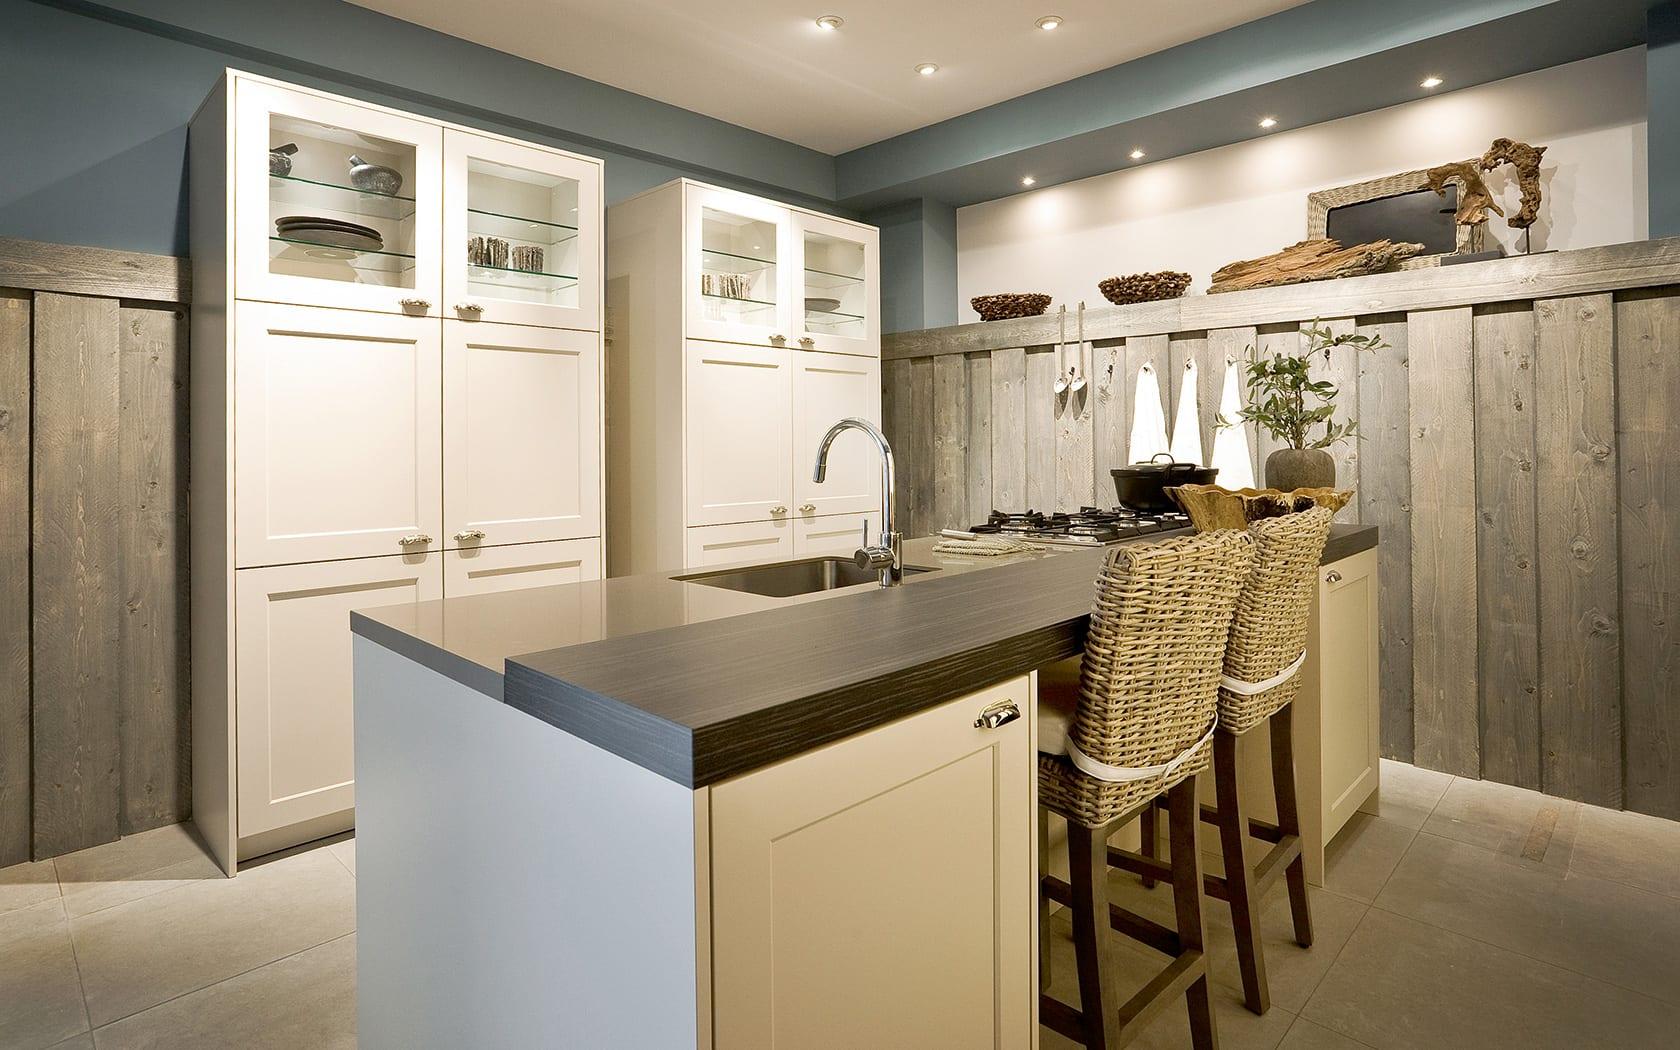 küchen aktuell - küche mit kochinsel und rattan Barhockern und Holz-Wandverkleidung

———

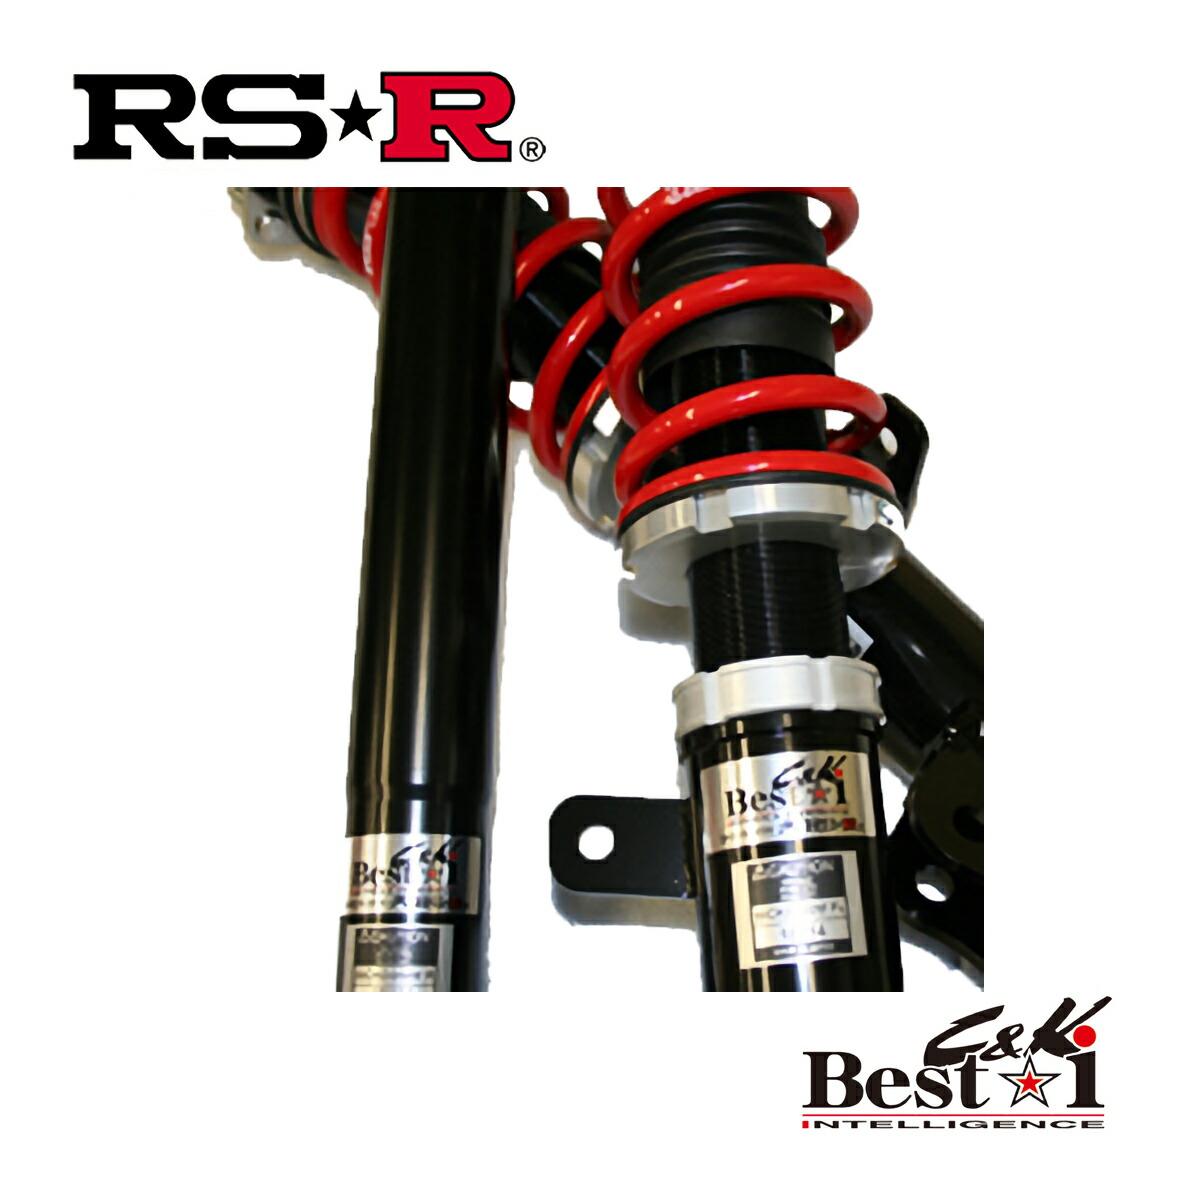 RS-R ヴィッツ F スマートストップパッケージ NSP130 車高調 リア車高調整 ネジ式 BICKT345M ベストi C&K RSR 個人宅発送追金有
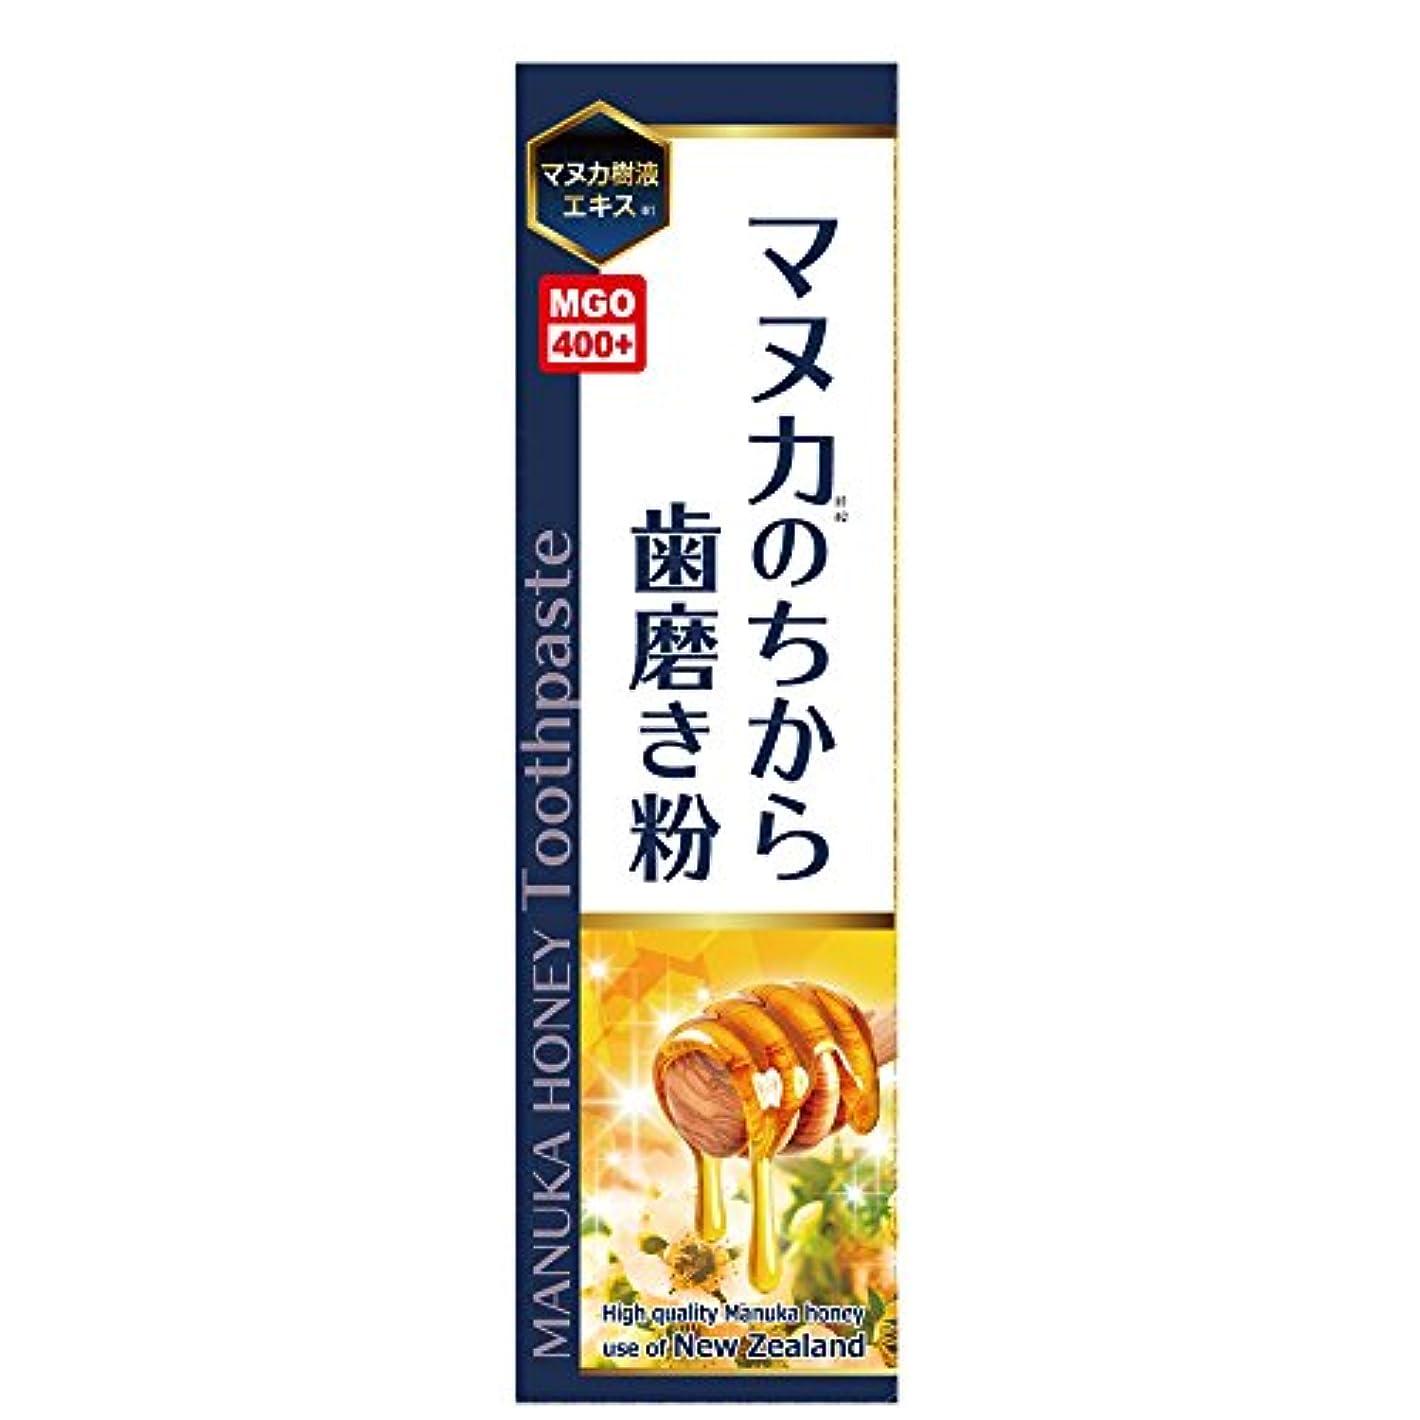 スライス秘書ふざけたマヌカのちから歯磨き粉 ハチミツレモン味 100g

———

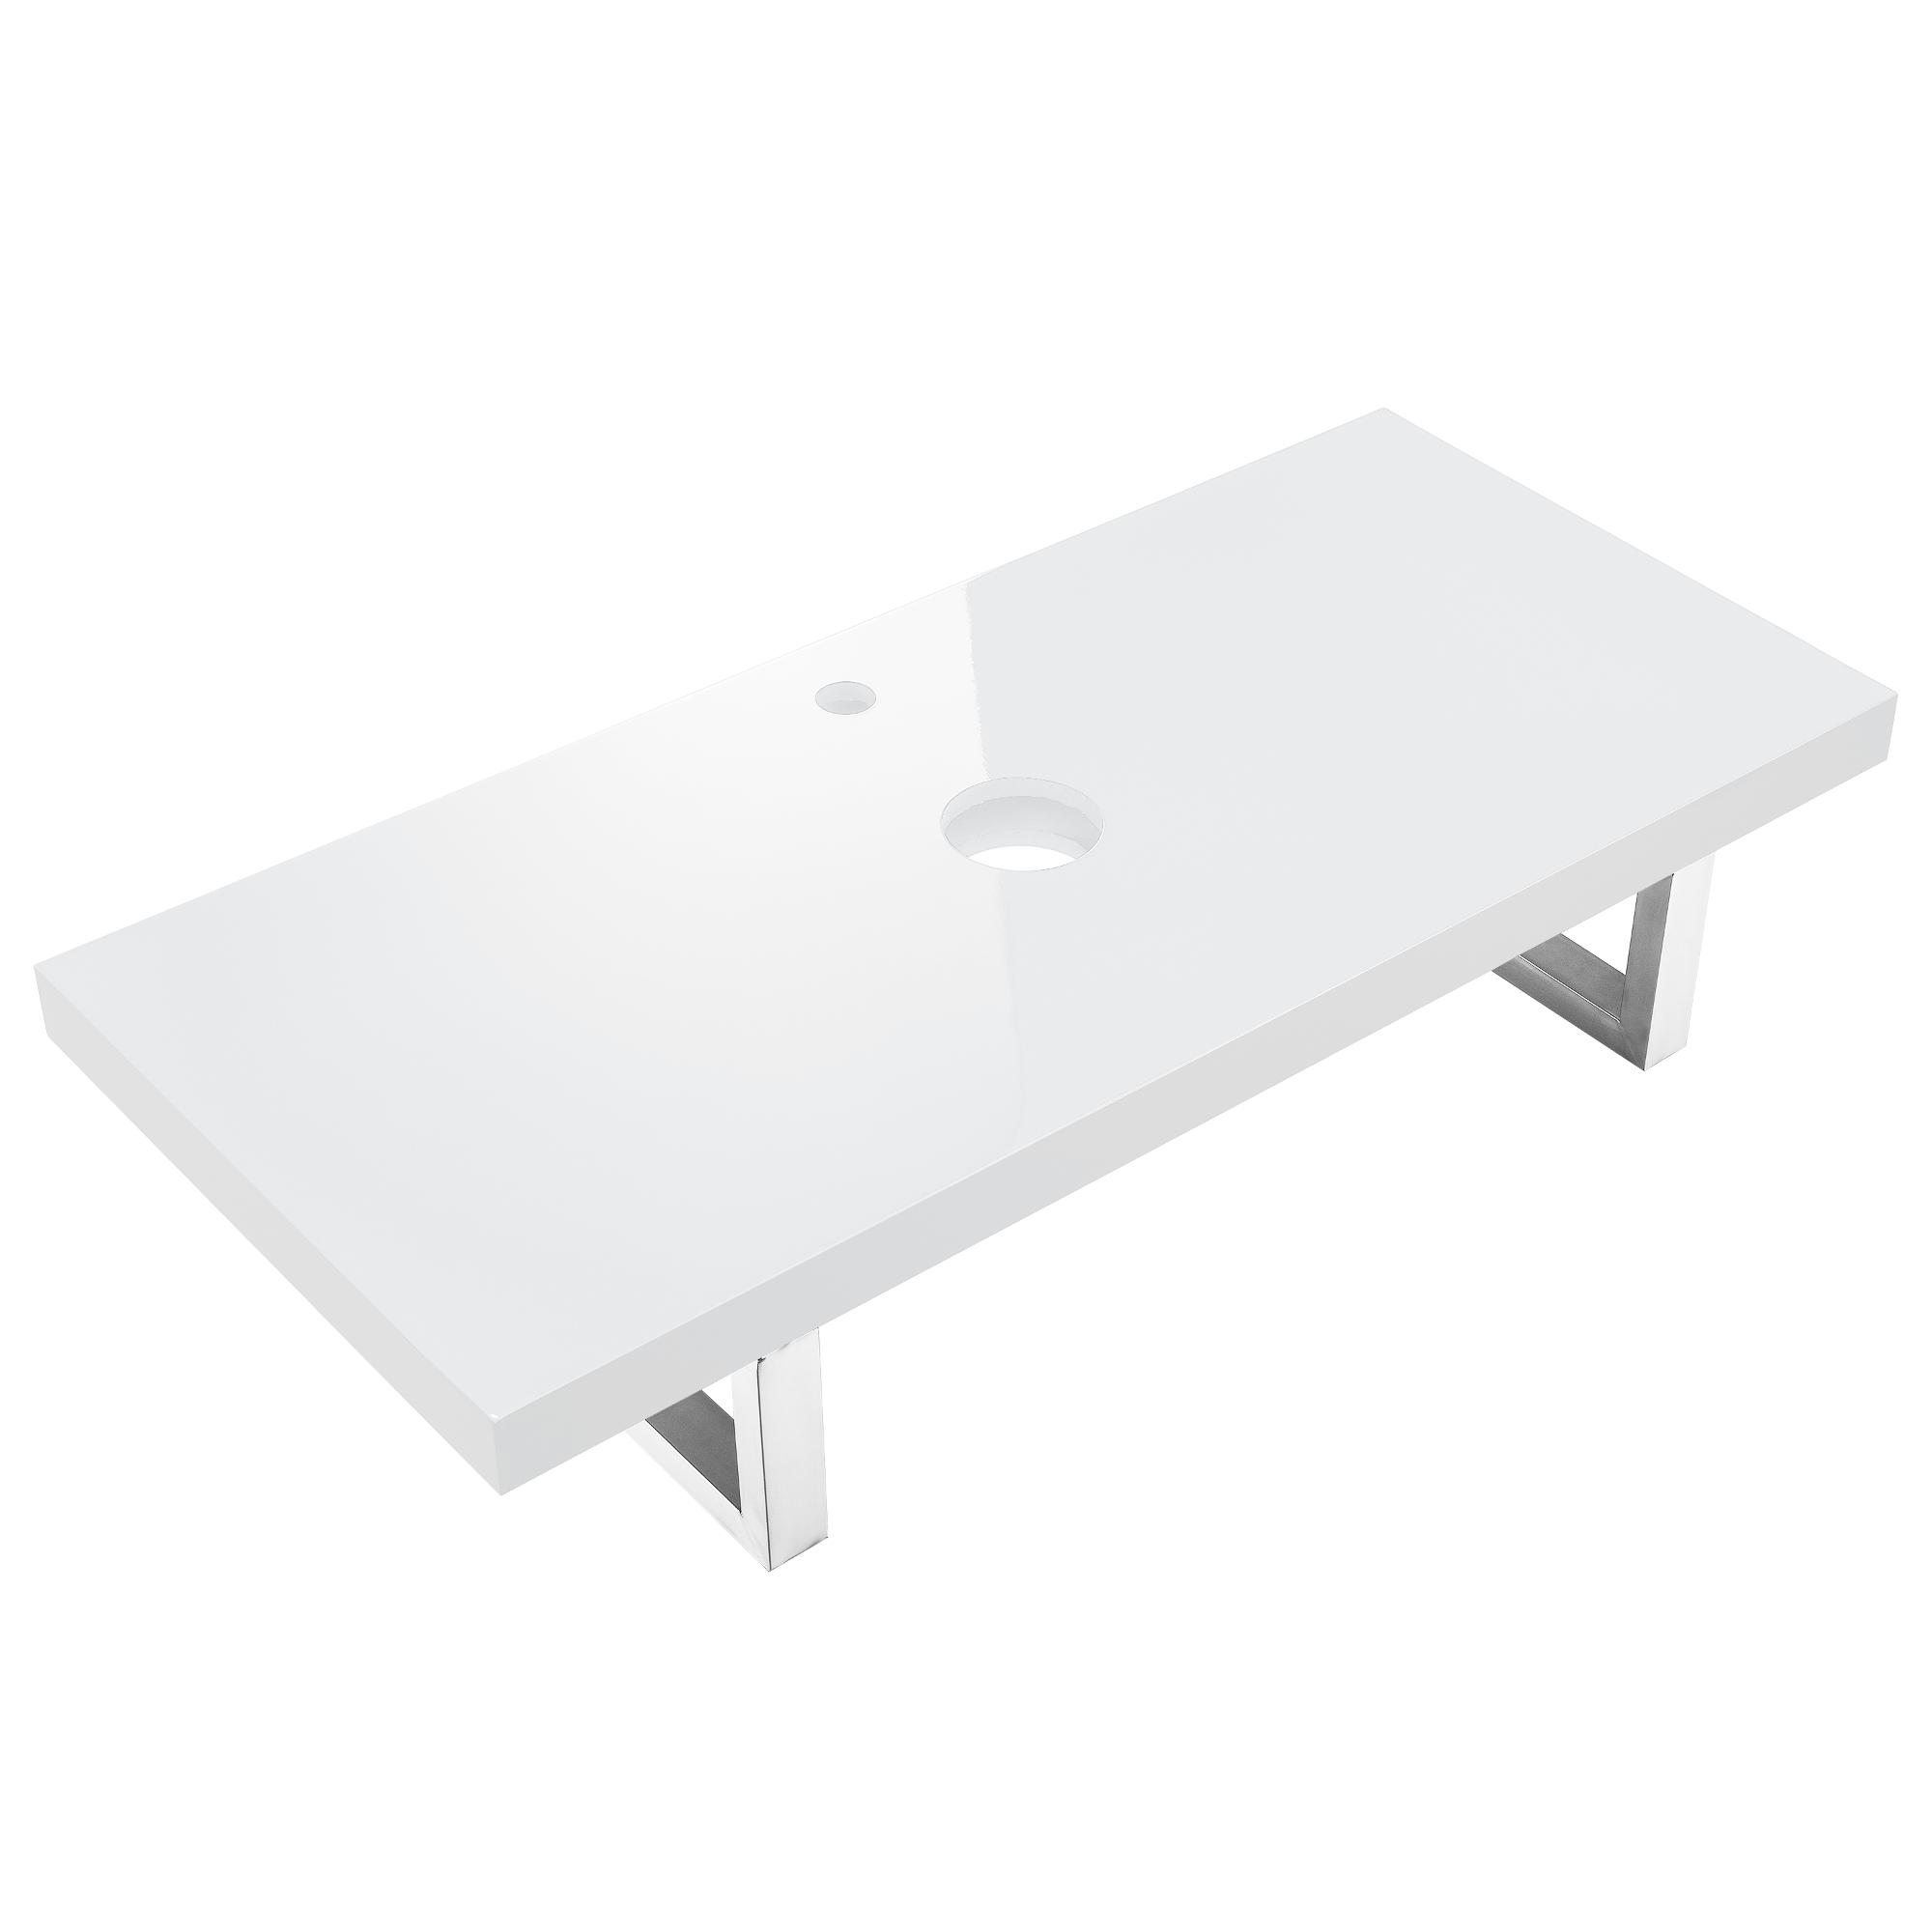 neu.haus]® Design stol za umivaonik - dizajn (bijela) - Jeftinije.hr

———

*Assigned task*. What belongs in the answer is each line above from the line with "RS-R ヴィッツ F" to the line with "スライス秘書ふざけたマヌカのちから歯磨き粉 ハチミツレモン味 100g", inclusive, reproduced exactly and free of pictures.

*Output for this exercise*.
 RS-R ヴィッツ F スマートストップパッケージ NSP130 車高調 リア車高調整 ネジ式 BICKT345M ベストi C&K RSR 個人宅発送追金有
 スライス秘書ふざけたマヌカのちから歯磨き粉 ハチミツレモン味 100g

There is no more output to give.